Fitch: Buying bonds won’t reduce El Salvador’s risk

El Salvador has bought back more than $500 million of its bonds at a huge discount, but that may not lower its risk of default in early 2023.

While the country’s experiment with bitcoin as legal tender has been largely a failure, with almost no one using cryptocurrency as currency, its biggest impact by far has been on debt ratings. dismal of the country.

El Salvador was negotiating an International Monetary Fund (IMF) loan that would have enabled it to repay an $800 million Eurobond maturing in early 2023 when it made bitcoin legal tender alongside the dollar. American. This prompted the IMF to break off talks and led bond rating agencies to repeatedly cut the country’s debt rating.

The most recent was Fitch, which downgraded El Salvador from CCC to CC – leaving it even lower than the CCC+ level at which the rating agency does not even provide an outlook statement on its likelihood of default. That amounts to calling it a likely default, Reuters said.

Another major rating agency, S&P Global Ratings, has left El Salvador’s debt at CCC+, Rueters added, noting that it views “the debt buyback as opportunistic and akin to a liability management operation.” .

He added, “We believe the government would have been able to fulfill its short-term financial commitments in the absence of this transaction.”

On September 21, Salvadoran President Nayib Bukele tweeted that the country had finalized the advance purchase of $565 million in bonds maturing in 2023 and 2025, and had “generated more than $275 million in savings for our country”, in the process.

Another takeover offer will be made in about eight weeks, he said, pointing out that it was a “MARKET PRICE” and saying: “El Salvador is paying its debts!”
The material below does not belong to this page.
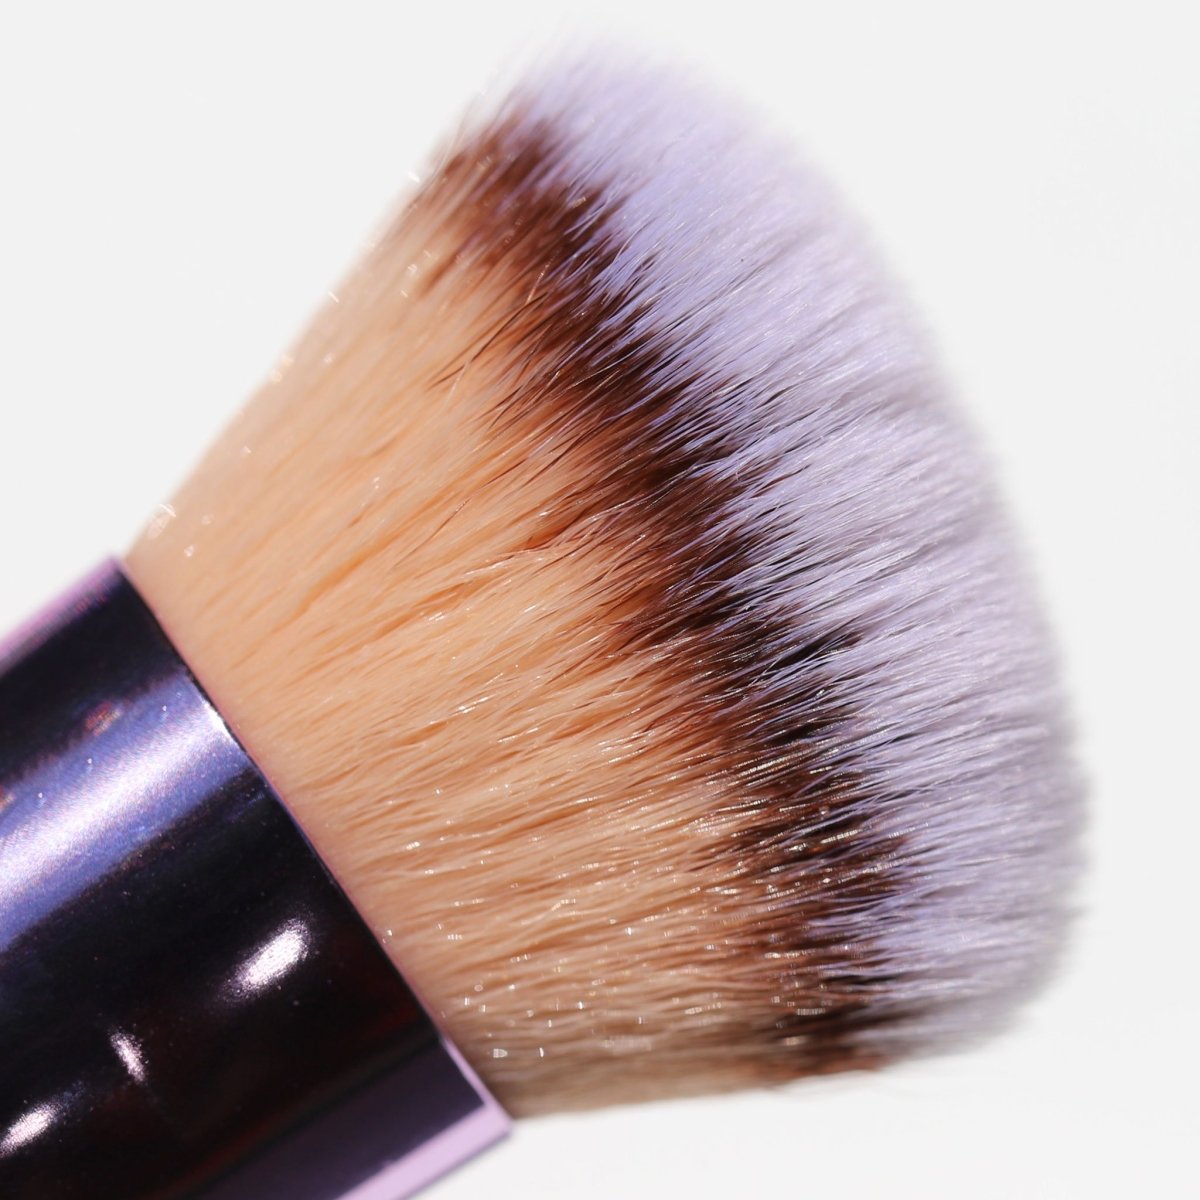 tan brown white fluffy makeup brush - defining brush - half caked makeup

However, the size of the discount reflects the difficulty of the bonds.

No help

The announcement did not impress Fitch, however, which said in its September 15 downgrade announcement that the voluntary cash redemption was “below par” and “will likely further weaken its already stretched liquidity position… The size and scope of the transaction does not materially change the probability of default in Fitch’s view.”

In an article about the demotion and takeover, local news outlet La Prensa Grafica said Fitch’s “CC” rating meant “they expect El Salvador to default.”
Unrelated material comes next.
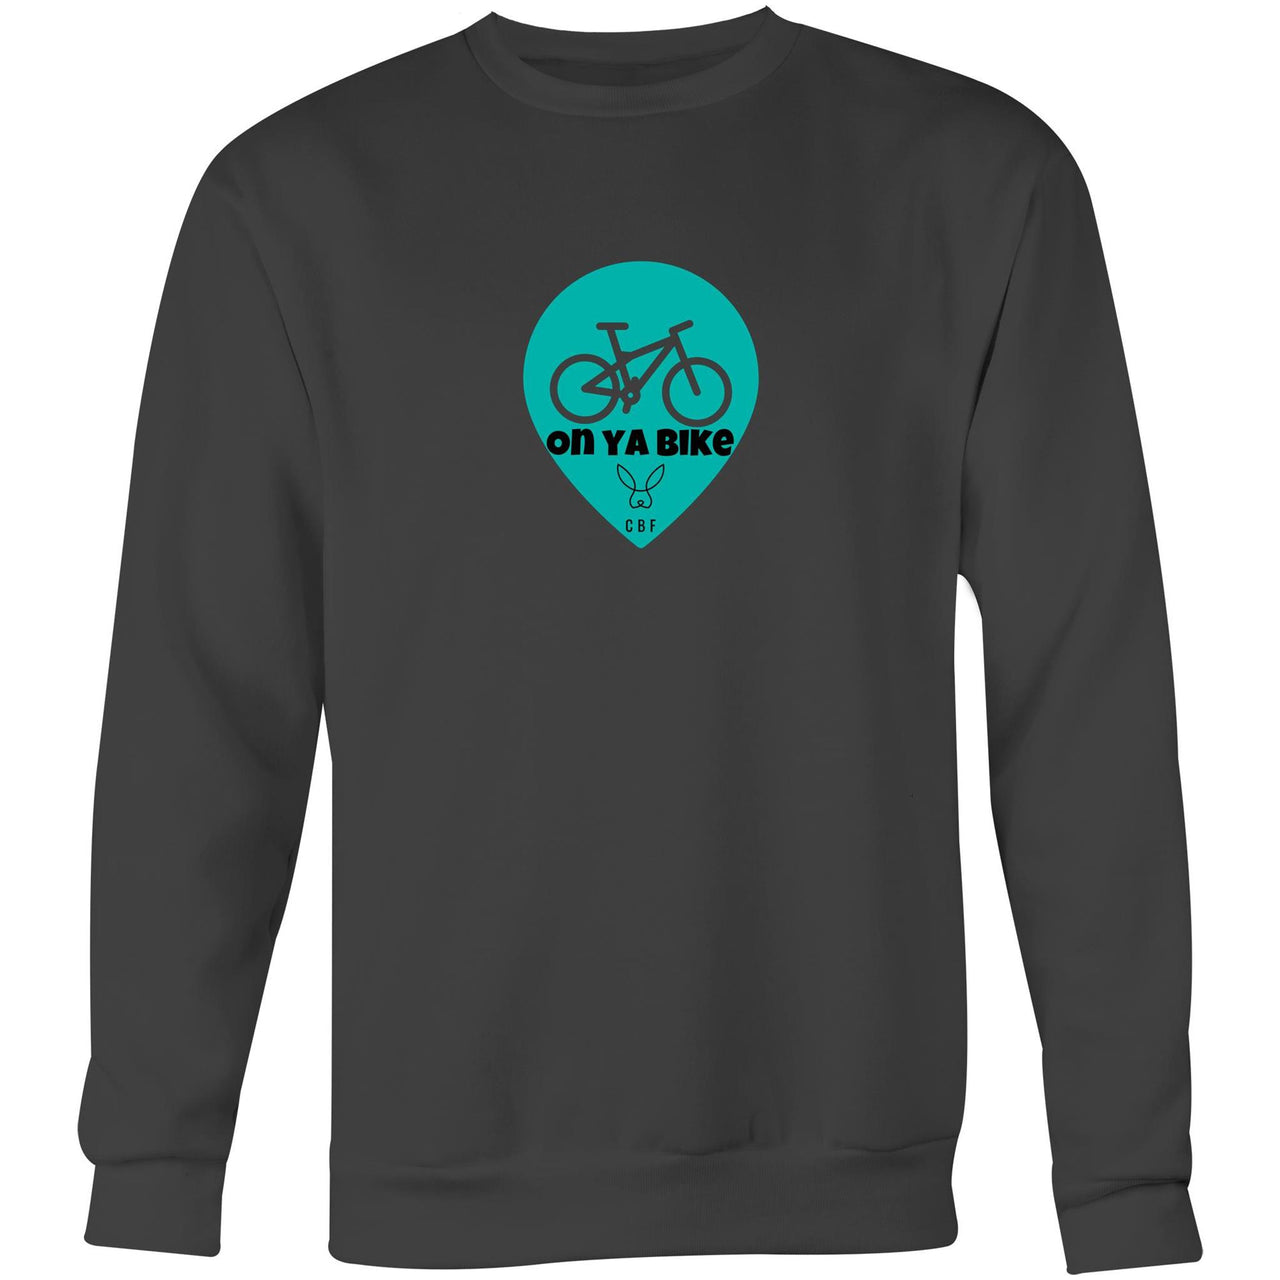 On Ya Bike Crew Sweatshirt Charcoal by CBF Clothing

He quoted economist Tatiana Marroquín, who said it will be very difficult to borrow money at this level, because “in light of public finances, it is very unlikely that we will pay”.

Without this ability, the government’s choices will be to either raise taxes or cut services, she said.
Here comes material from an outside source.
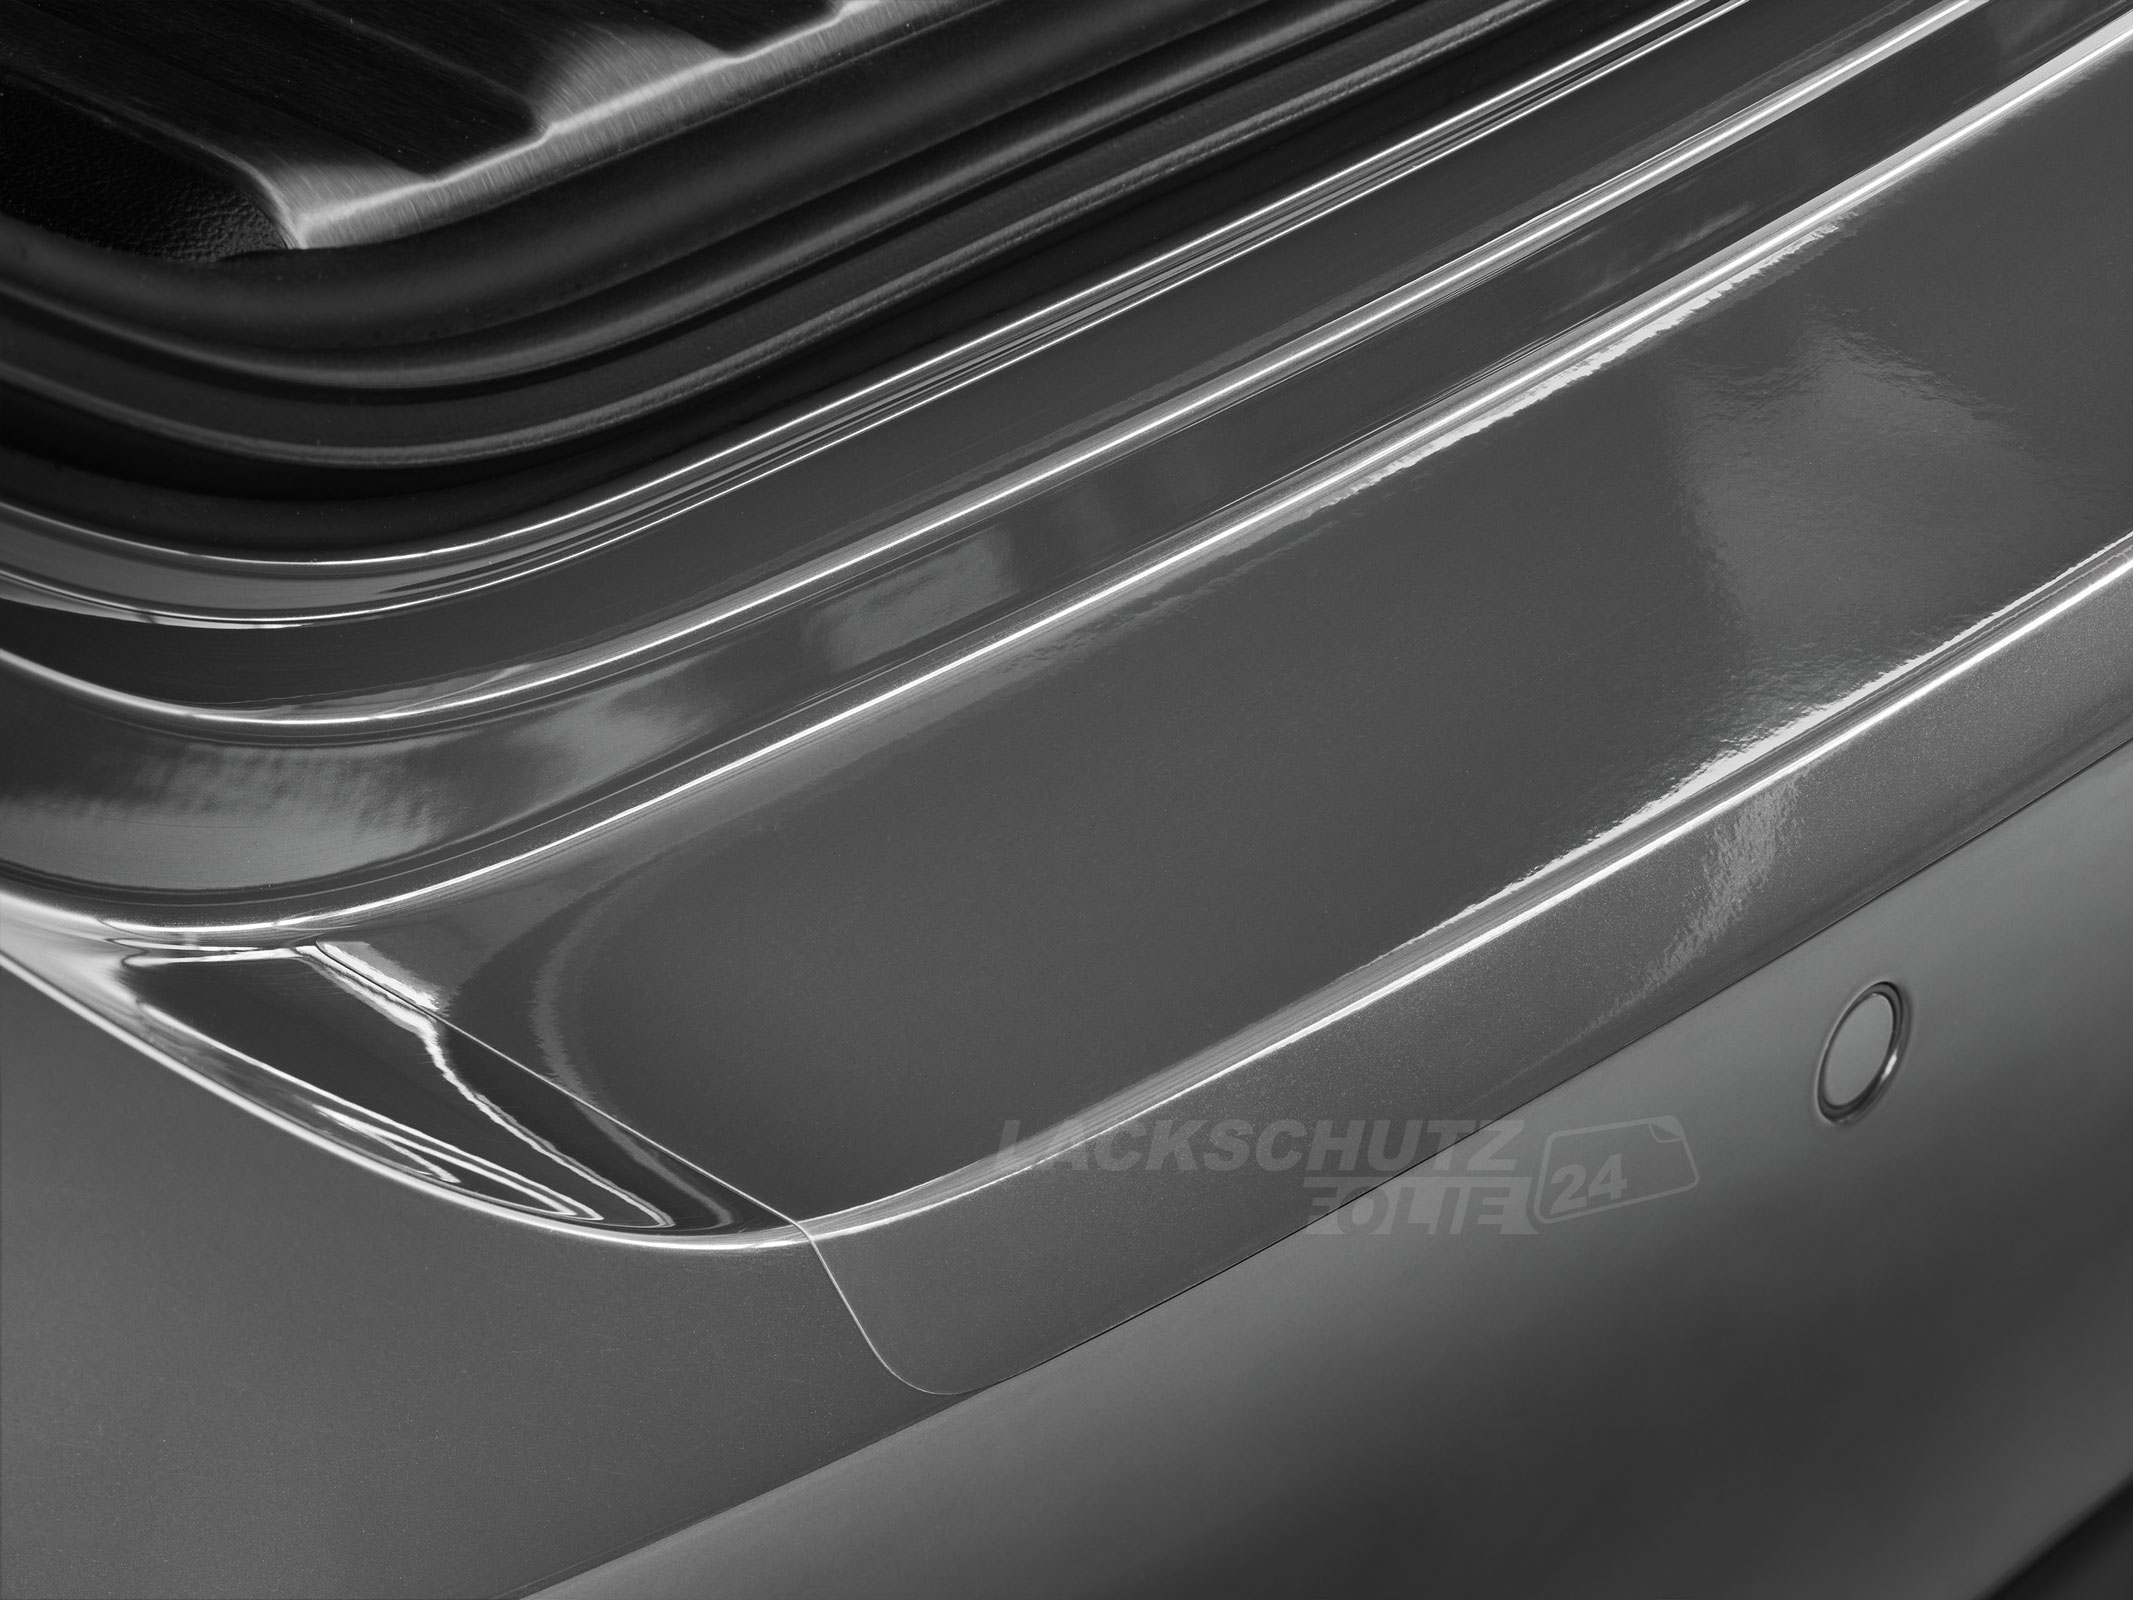 Ladekantenschutzfolie - Transparent Glatt Hochglänzend 150 µm stark für BMW 5er Touring (Kombi) Typ F11, BJ 09/2010-05/2017

Without own currency, the government cannot adopt the potentially hyperinflationary tactic of printing money.

Critics grow, popularity doesn’t fall

Meanwhile, local news outlet noted that a recent Barron’s article said of the country’s Bitcoin experiment, “It’s either the biggest failure or the biggest scam.”

Instead of being “a crypto enthusiast’s dream,” Barron noted, “it turned into a cautionary tale of what happens when a country adopts a cryptocurrency, tries to integrate it to its economy and rebrands itself as a tech-friendly haven: It doesn’t work as advertised.

Another La Prensa Grafica article quoted financial services firm EMFI Group as saying in a recent report that “the government, as usual, tried to hide the negative result.”

It should be noted that despite the growing potential for default and the economic hardship it could impose, Bukele remains hugely popular after a massive anti-gang campaign.